UNIVERSIDAD DE GRANADA

– El profesor del departamento de Obstetricia y Ginecología de la Universidad de Granada Nicolás Mendoza Ladrón de Guevara reflexiona acerca del creciente interés en la preservación de la fertilidad para las mujeres jóvenes que, por razones de índole médica social, no pueden quedarse embarazadas en el momento actual, o tienen un elevado riesgo de padecer un deterioro de su capacidad fértil

En esta entrega de #aCienciaCerca, el profesor del departamento de Obstetricia y Ginecología de la Universidad de Granada Nicolás Mendoza Ladrón de Guevara reflexiona acerca del creciente interés en la preservación de la fertilidad para las mujeres jóvenes que, por razones de índole médica social, no pueden quedarse embarazadas en el momento actual, o tienen un elevado riesgo de padecer un deterioro de su capacidad fértil.

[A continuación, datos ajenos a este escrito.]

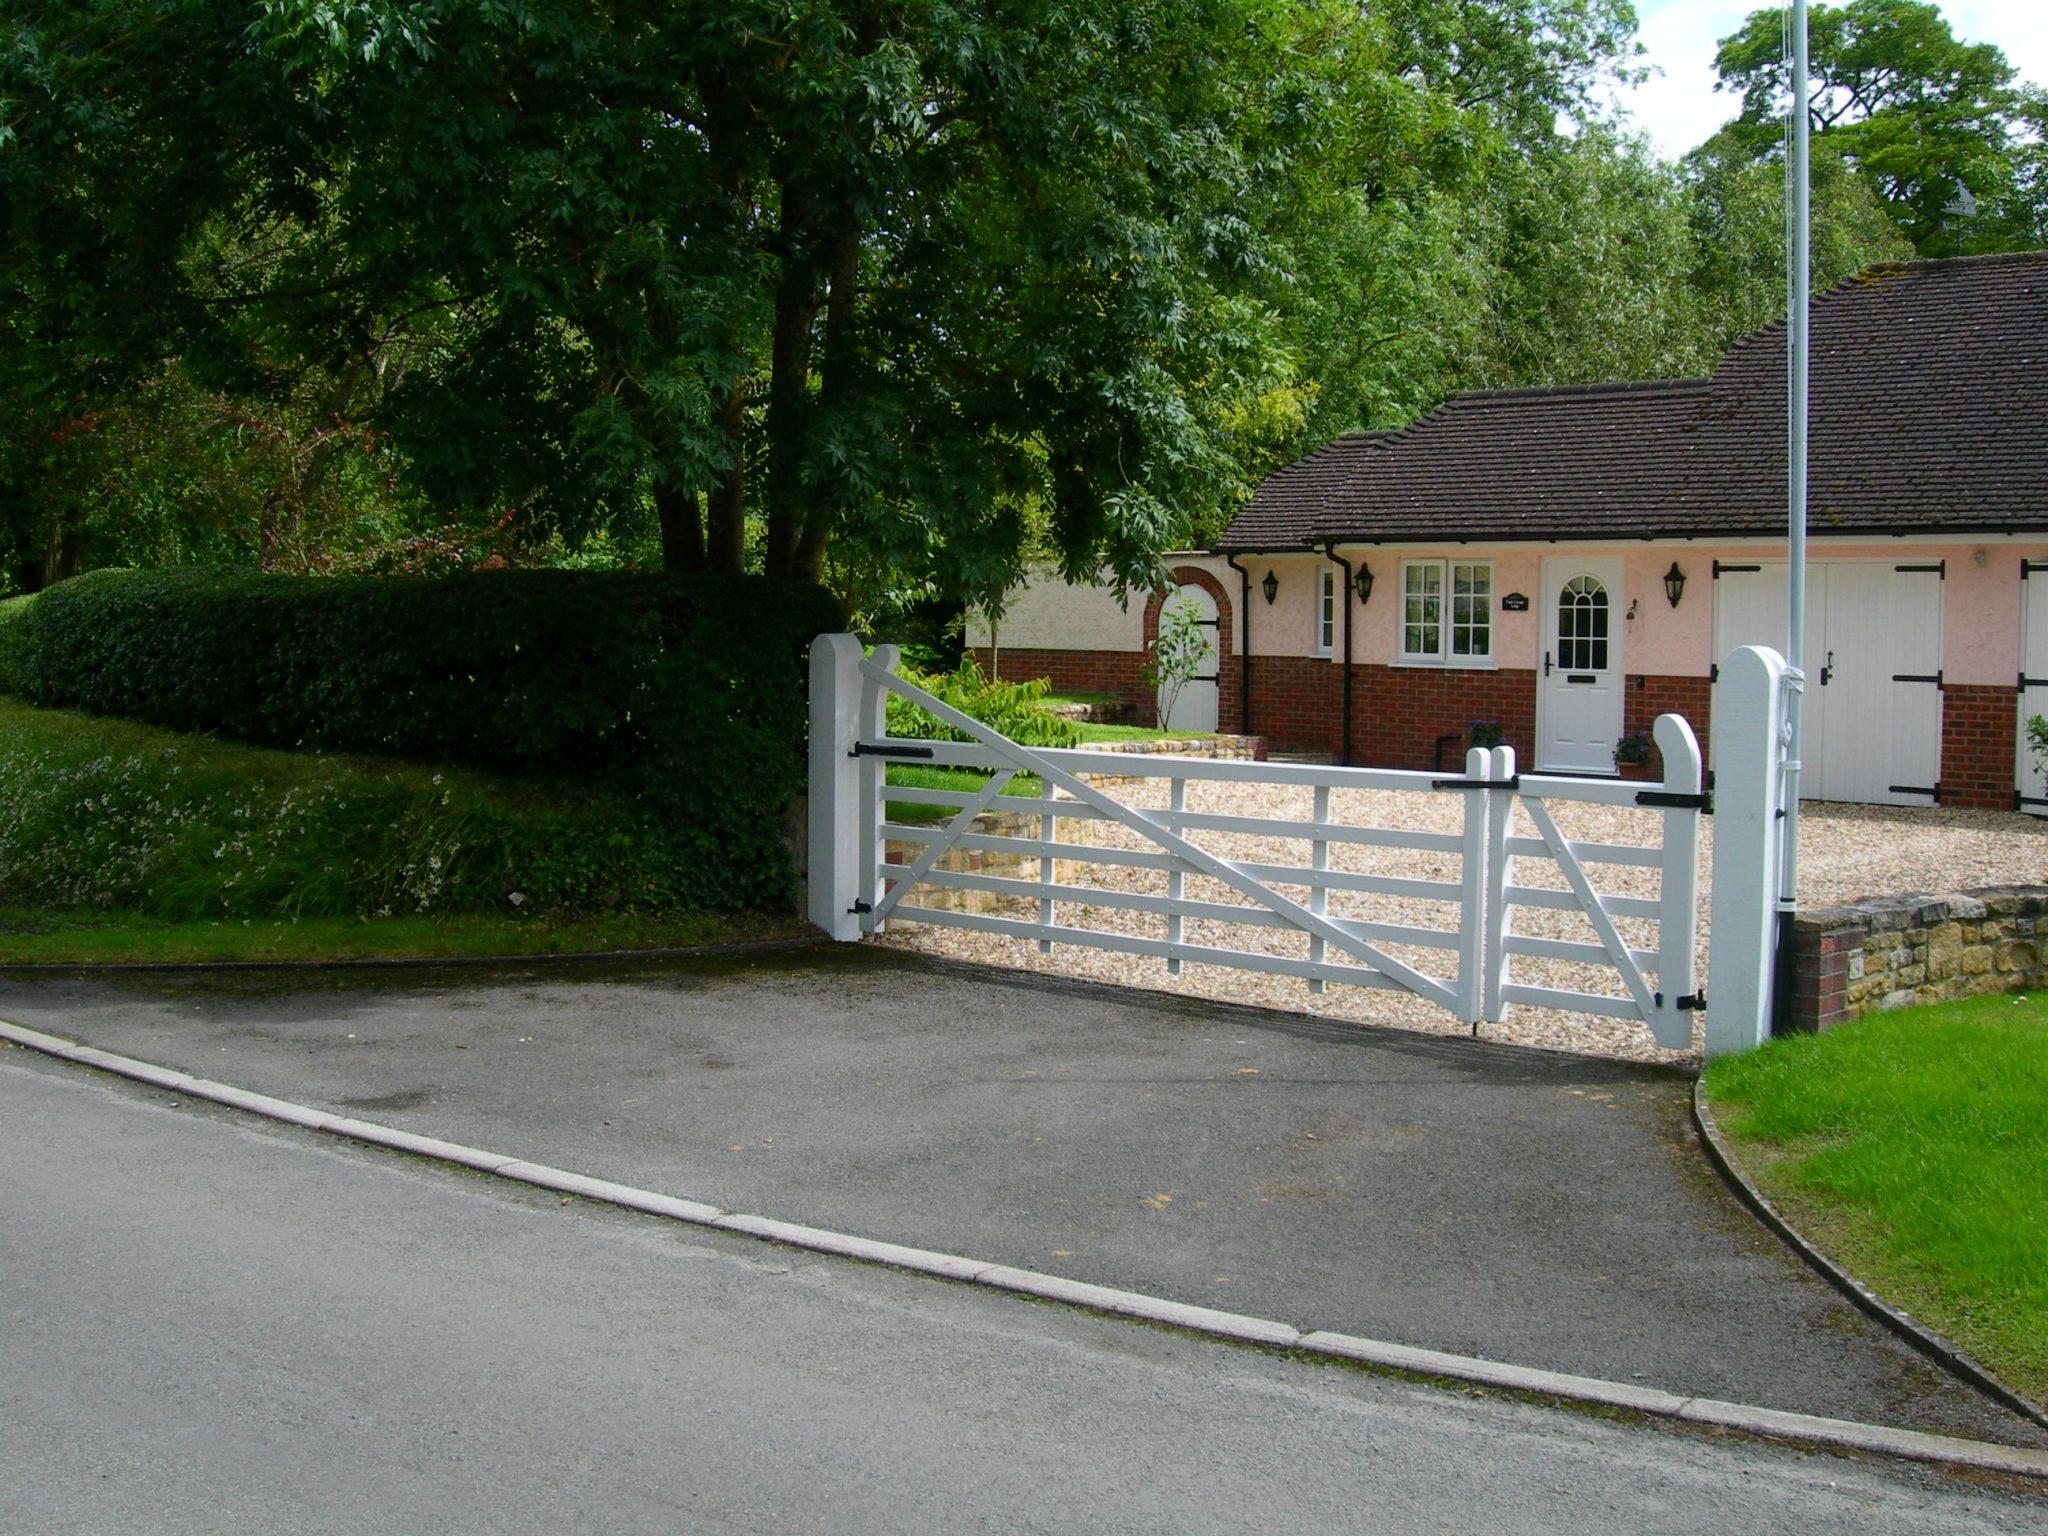 Property to rent, property to let, War minster, Pink Cottage Lodge Summer, John Loftus Property Centre

Cuando hablamos de ‘preservación de la fertilidad en la mujer’ nos referimos a la salvaguarda de los ovocitos, los gametos femeninos. Se trata de una técnica de reproducción humana que nace cuando se observa que determinadas enfermedades graves (o sus tratamientos) ponen en peligro la capacidad fértil de las mujeres (cáncer, endometriosis).

Pero también se han desarrollado en países occidentales, como el nuestro, donde la maternidad no se promociona a edades jóvenes ni se ha respetado la conciliación familiar que permite a una mujer tener hijos cuando su biología lo admite. Es la indicación de la preservación de la fertilidad por razones sociales: conservar los ovocitos biológicamente jóvenes para usarlos cuando las condiciones sociales (de emancipación, de estabilidad laboral) lo permitan.

En la actualidad contamos con distintas estrategias que posibilitan la preservación de la fertilidad, si bien las que mejores y más seguros resultados ofrecen es la vitrificación (criopreservación) de los ovocitos. Esta técnica requiere una evaluación y tratamiento individualizado a cada mujer y situación médica o social.